Progress reported in ending veteran homelessness in NH

Ultimate goal is ‘functional zero’
Cathy Kuhn is chair of the Governor’s Interagency Council on Homelessness.

New Hampshire has made significant progress in ending homelessness among U.S. veterans, according to the Governor’s Interagency Council on Homelessness.

The goal of the state’s enhanced efforts is to achieve “functional zero,” a federal benchmark that ensures that veterans who are experiencing homelessness have immediate access to shelter and permanent housing that suits their needs. Achieving that goal means that care is integrated and coordinated across the community and that providers have the resources required to ensure every veteran who is experiencing homelessness and is willing to engage in the program is quickly housed and provided supportive opportunities.

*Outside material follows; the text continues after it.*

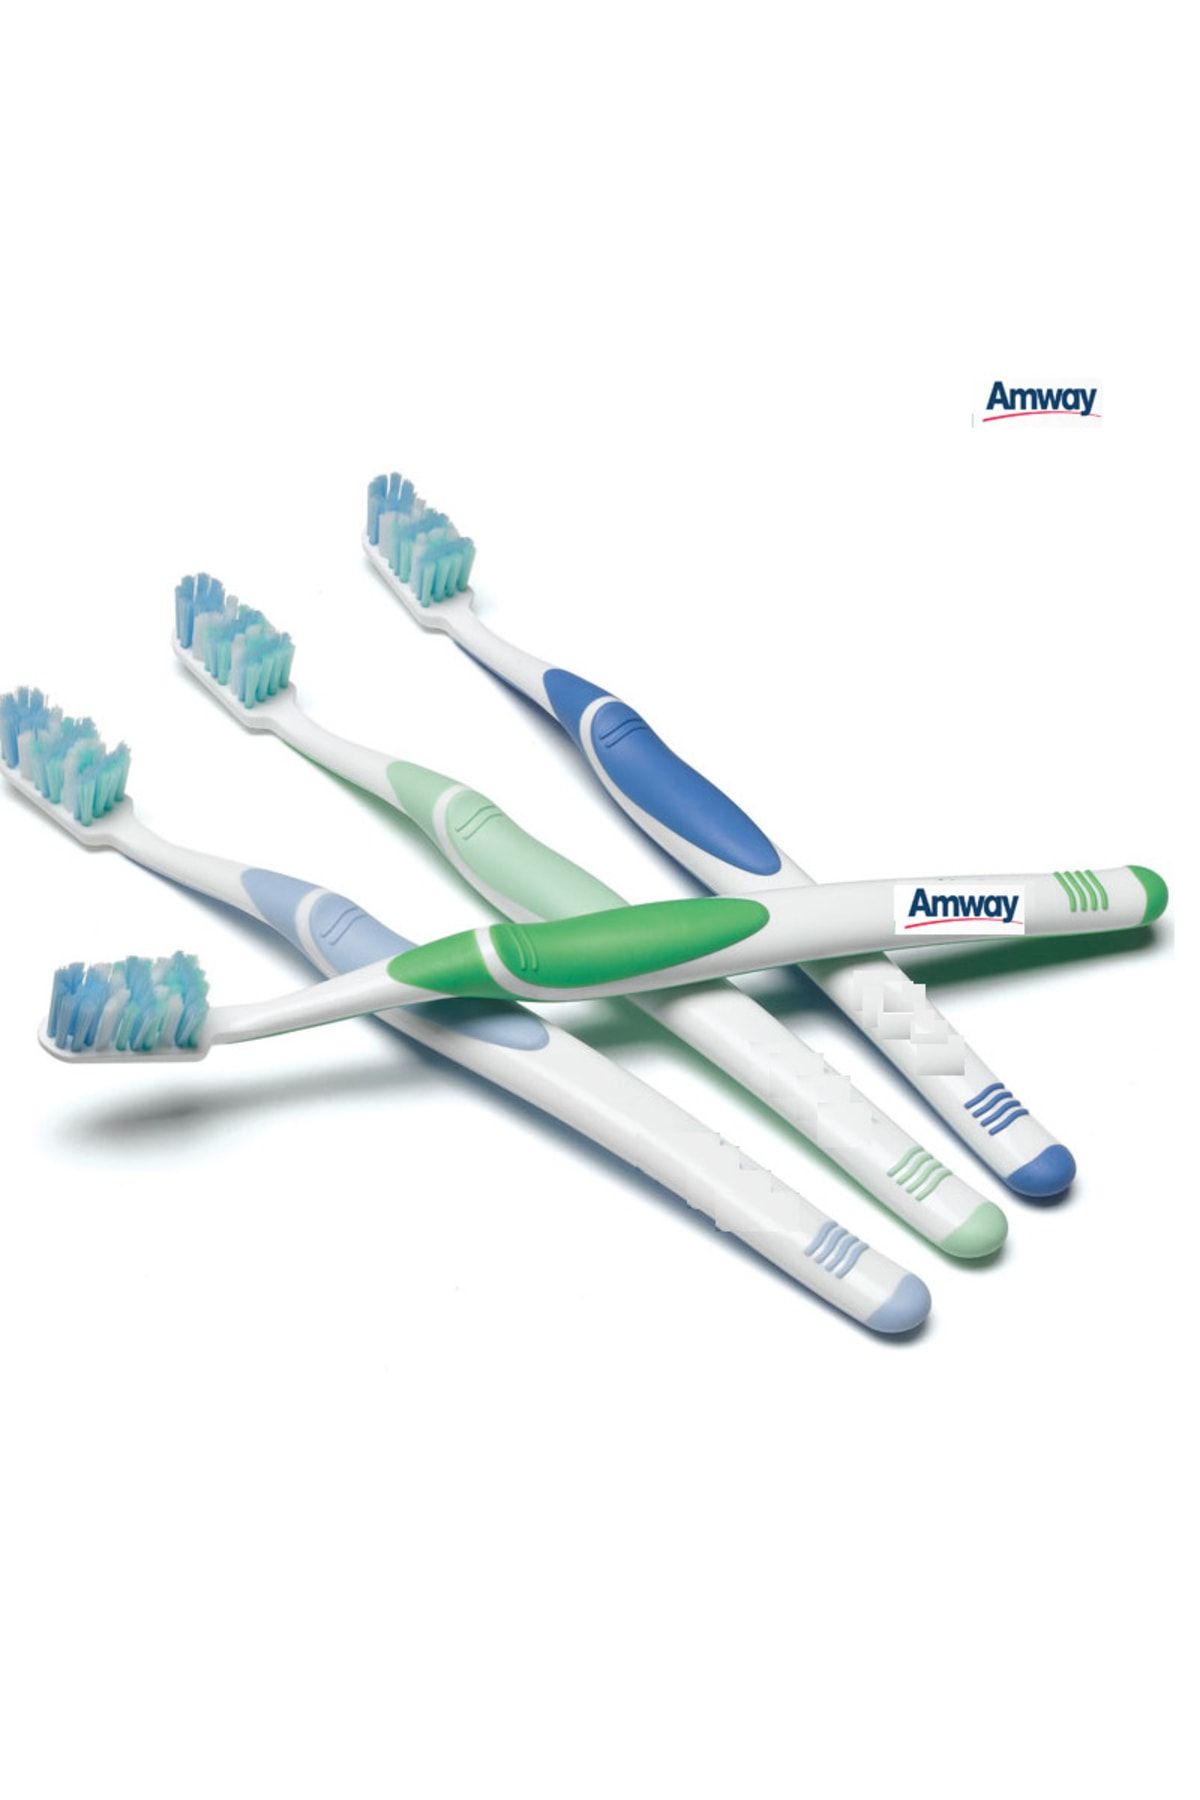 Amway Diş Fırçası Orta Sert 4 Adet Kutulu

In New Hampshire, most recent data show that homelessness among veterans declined by 16 percent from 2014 to 2015.

According to the U.S. Department of Veterans Affairs National Center on Homeless Veterans, approximately 10 percent of adults in the United States are veterans, yet data from the U.S. Housing and Urban Development suggests that veterans represent up to 15 percent of American’s who are experiencing homelessness.

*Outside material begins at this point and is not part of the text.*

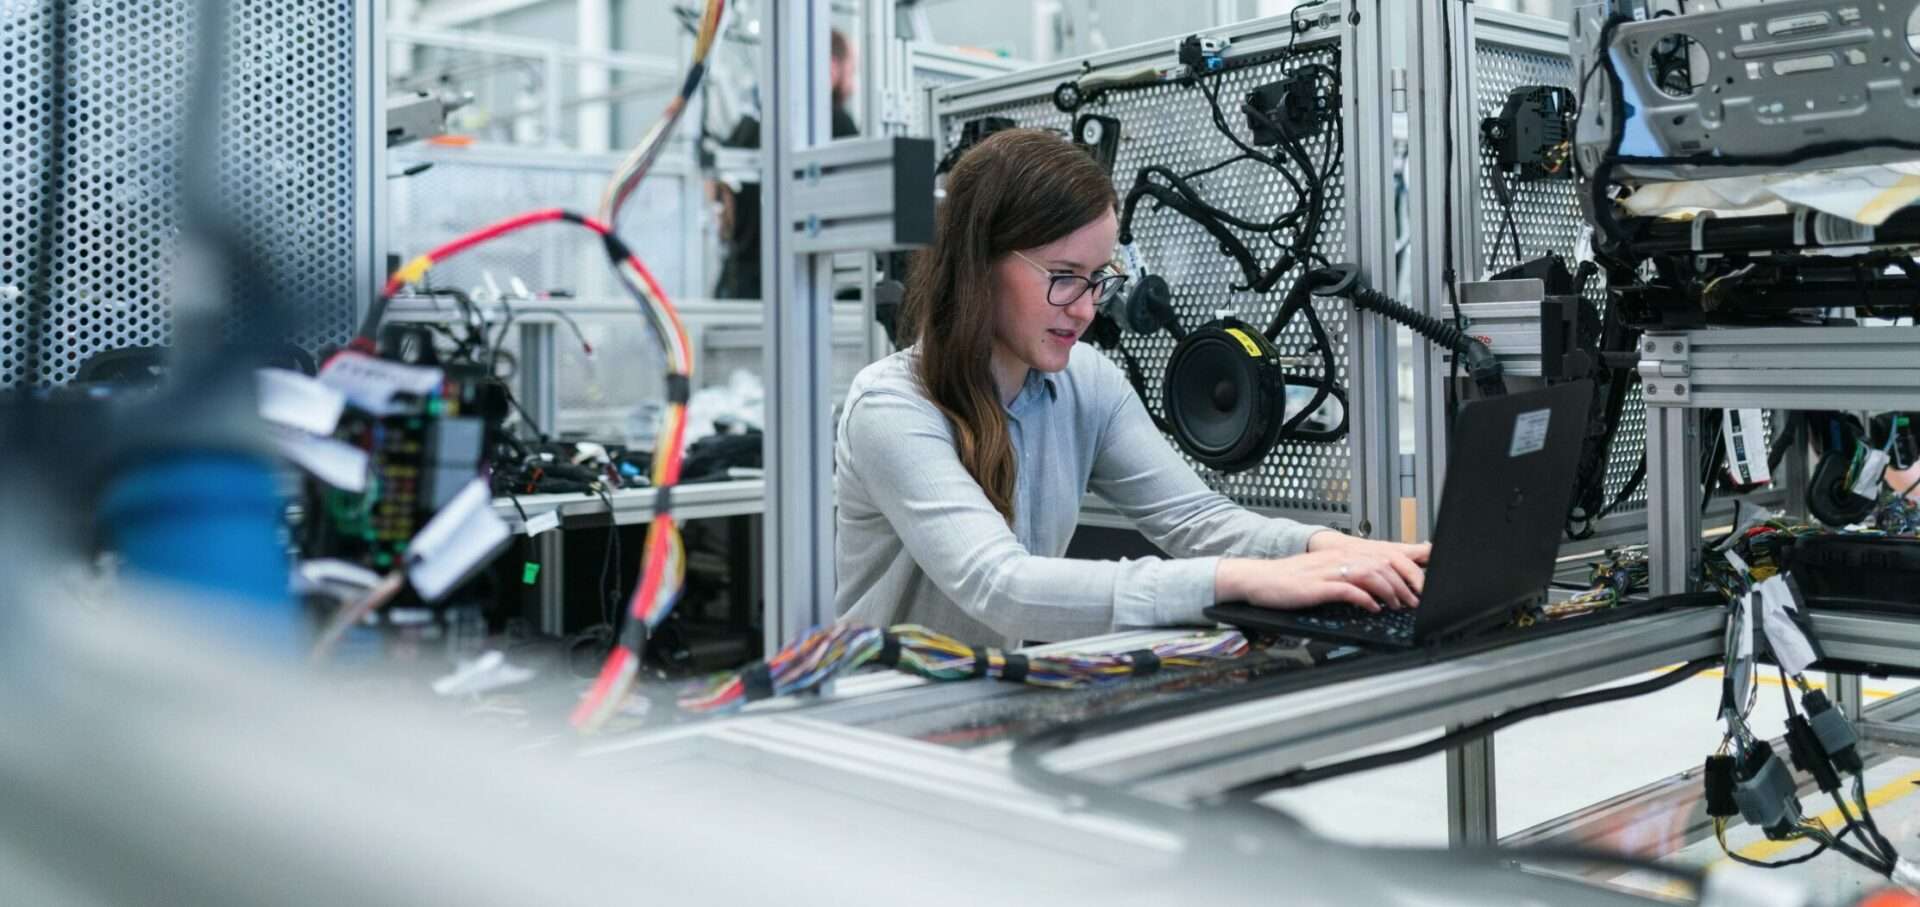 Una mujer trabaja en su ordenador en un espacio de trabajo industrial

New Hampshire’s efforts aimed at eradicating homelessness among veterans have included a comprehensive strategy to ensure that coordinated and ongoing services and resources are available to veterans. Outreach initiatives and awareness campaigns also have helped in making progress in reducing the numbers, said Cathy Kuhn, chair of the interagency council and director of the NH Coalition to End Homelessness.